Chapter 5. Marine Sediments
1. Sorting of Sediment
- What is the concept of sediment maturity as particles are
carried from the source to the point of deposition.
-
- Why does the clay content decrease as sediments mature?
2. Transport of Sediments
- What is the relationship between grain size, current velocity,
and the transport and deposition of sediments?
-
- How does this relationship change for the erosion of
sediments? - Fig. 5.5.
-
- Why, even for higher current velocities, are some clay
particles less likely to erode than medium grain sand?
-
- By what two means are particles, with sizes finer than silt,
carried far out to sea?
3. Classification of Marine Sediment by Origin
There are four different types of marine sediments classified by
the origin of their particles: Lithogenous,
Biogenous Hydrogenous and
Cosmogenous. Table 5.2
- Cosmogenous sediments come
from outer space.

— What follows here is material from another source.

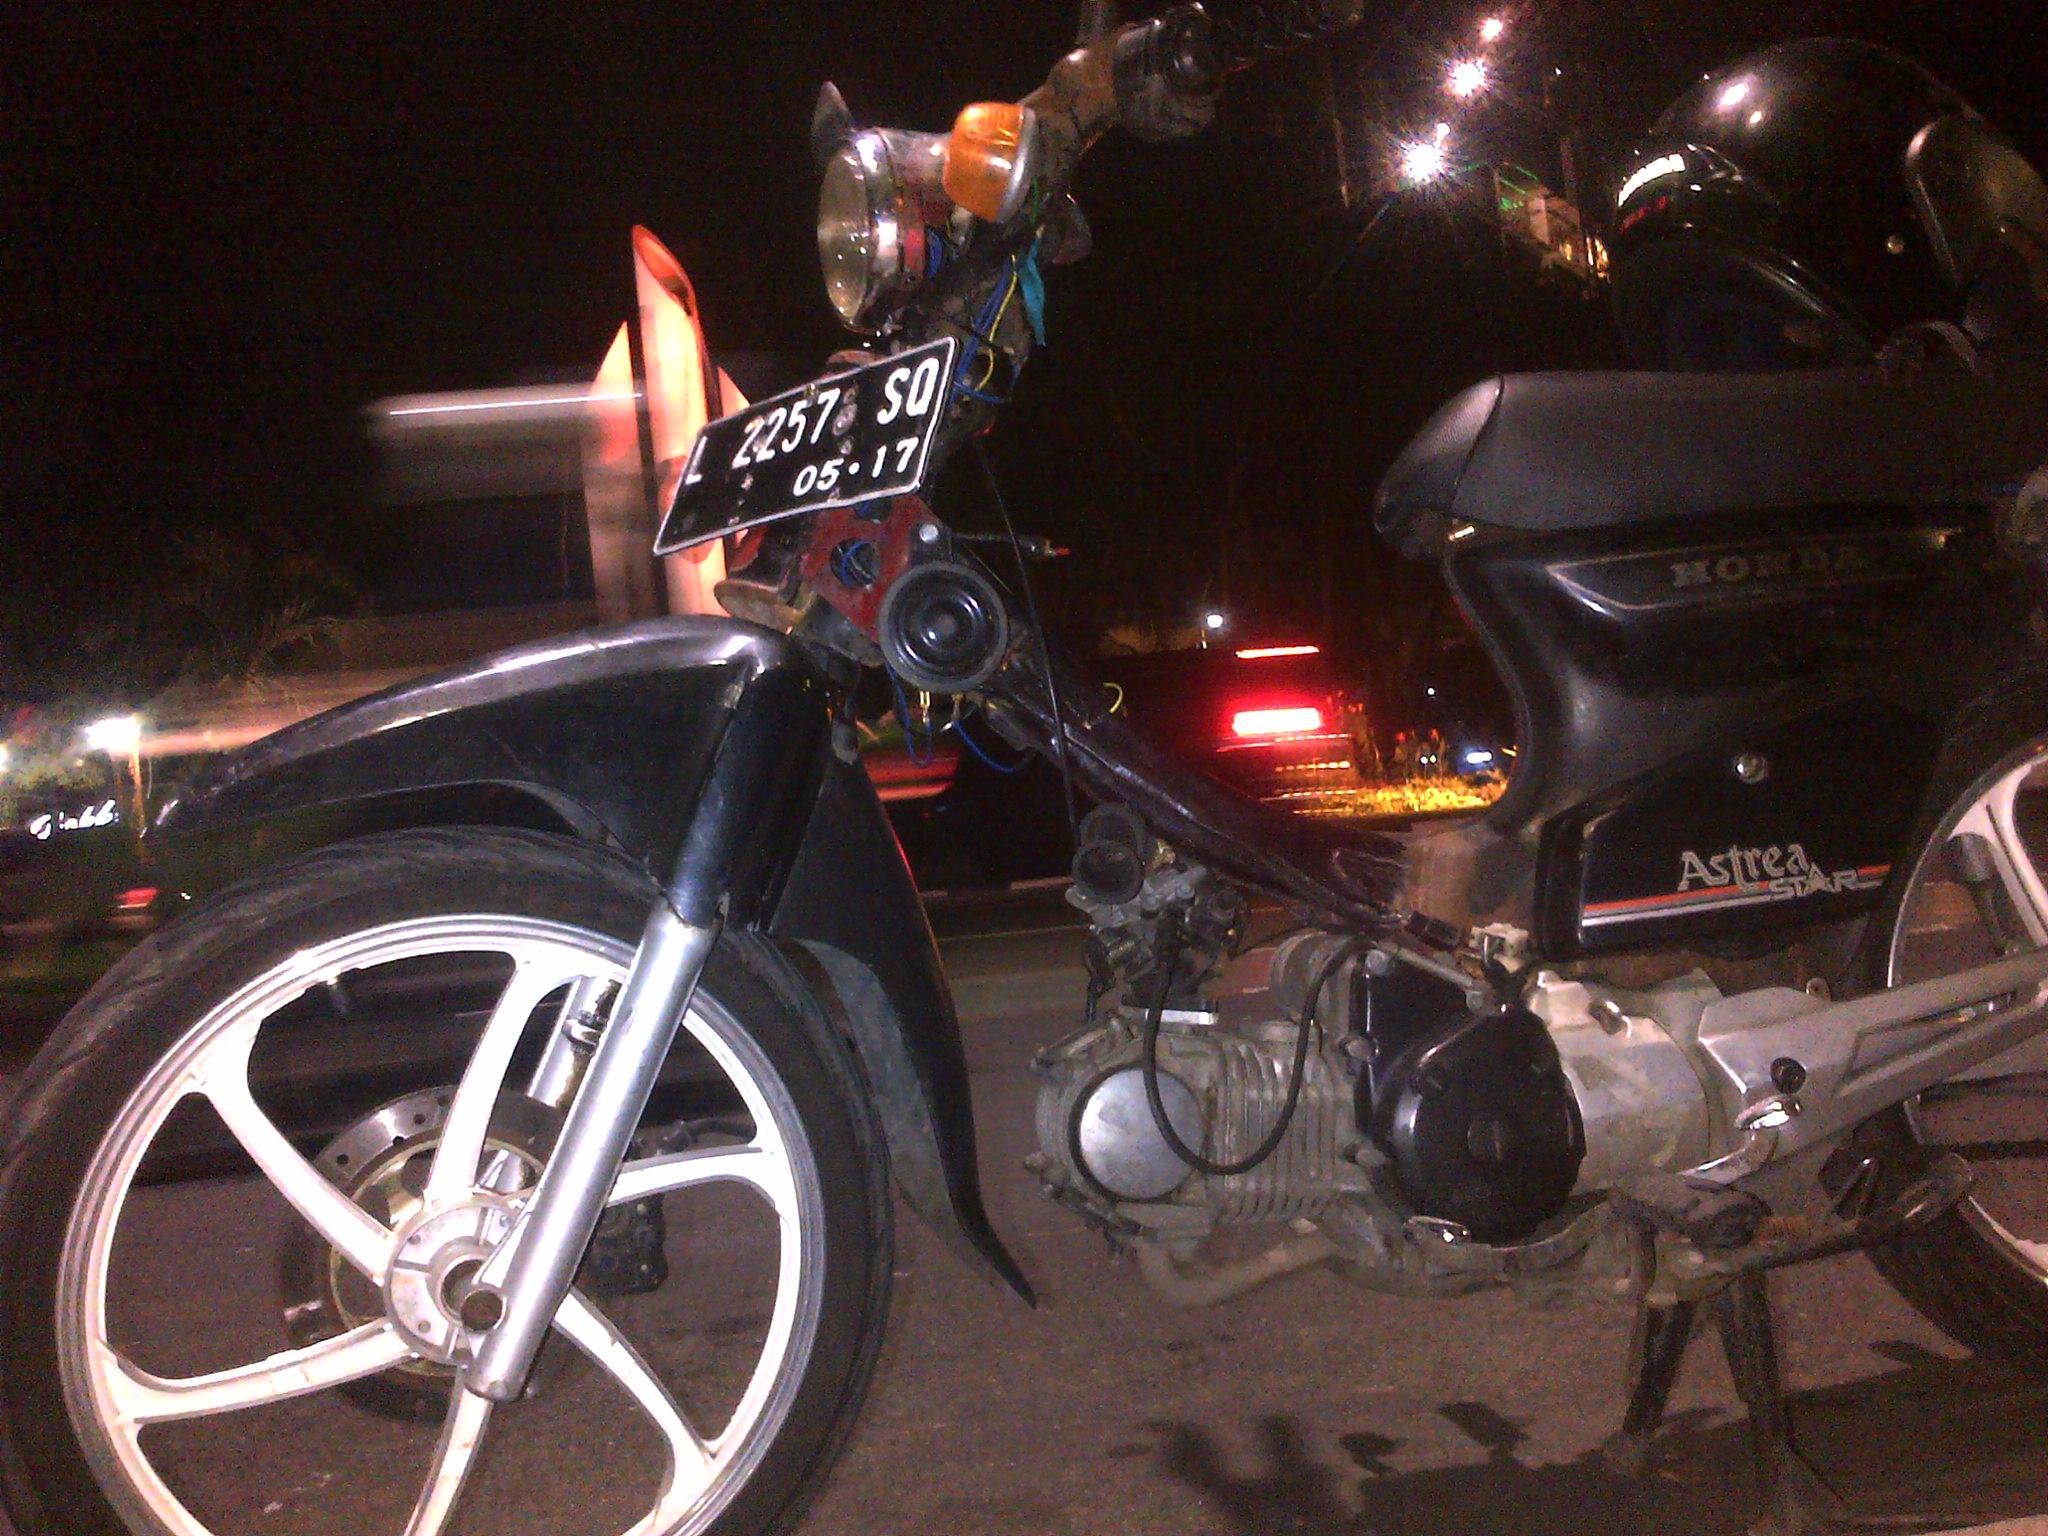 Honda Community Bingung Dengan Wiring Diagram Motor Anda Check It Motorcycle Out

What is evidence that Spherules and Meteorites
impact the earth?
-
- Lithogenous sediments are
formed by the weathering of continental rocks and oceanic
volcanoes. These rocks are formed by combining ions of metal with
silicate:
- What very stable compound does weathering of rocks
produce?
-
- How is clay produced by this weathering?
-
- What are the grain texture and color differences between
extrusive and intrusive igneous rocks?
-
- What is the difference between sialic and simatic
rocks?
-
- Biogenous sediments are
formed from insoluble remains of organisms (bones/teeth/protective
coverings, etc.) called
"tests".
-
- What percent insoluble remains must a sediment contain to
be classed as an ooze?
-
- What are the chemical makeup's of
calcareous ooze and siliceous
ooze?
- Hydrogenous sediments are
formed by precipitation of minerals from seawater. Manganese
Nodules are a unique type of this sediment that lie on the
seafloor itself. The most common hydrogenous sediment found in the
ocean, however, is calcium carbonate (limestone -
CaCO3).
- Because water is basically saturated with the calcium ion
(Ca++), it is the
availability of the carbonate ion
(CO3--) that
governs whether precipitation of
CaCO3 from sea water
occurs.
-
- How does CO2 affect the
availability of this
CO3--?
-
- How does ocean water temperature, water pressure and
photosynthesis affect the availability of
CO2, and at what relative
depth in the ocean would you expect to find
CaCO3?
-
- Using the three factors given in (2) above, explain why
CaCO3 is precipitated on the
Bahaman Banks when the cold Florida current flows up over the
shallow banks.
4. Classification of Sediments by location
Sediments are distributed on the continental margins (as Neritic
sediments) and in the deep ocean basins (as Oceanic sediments).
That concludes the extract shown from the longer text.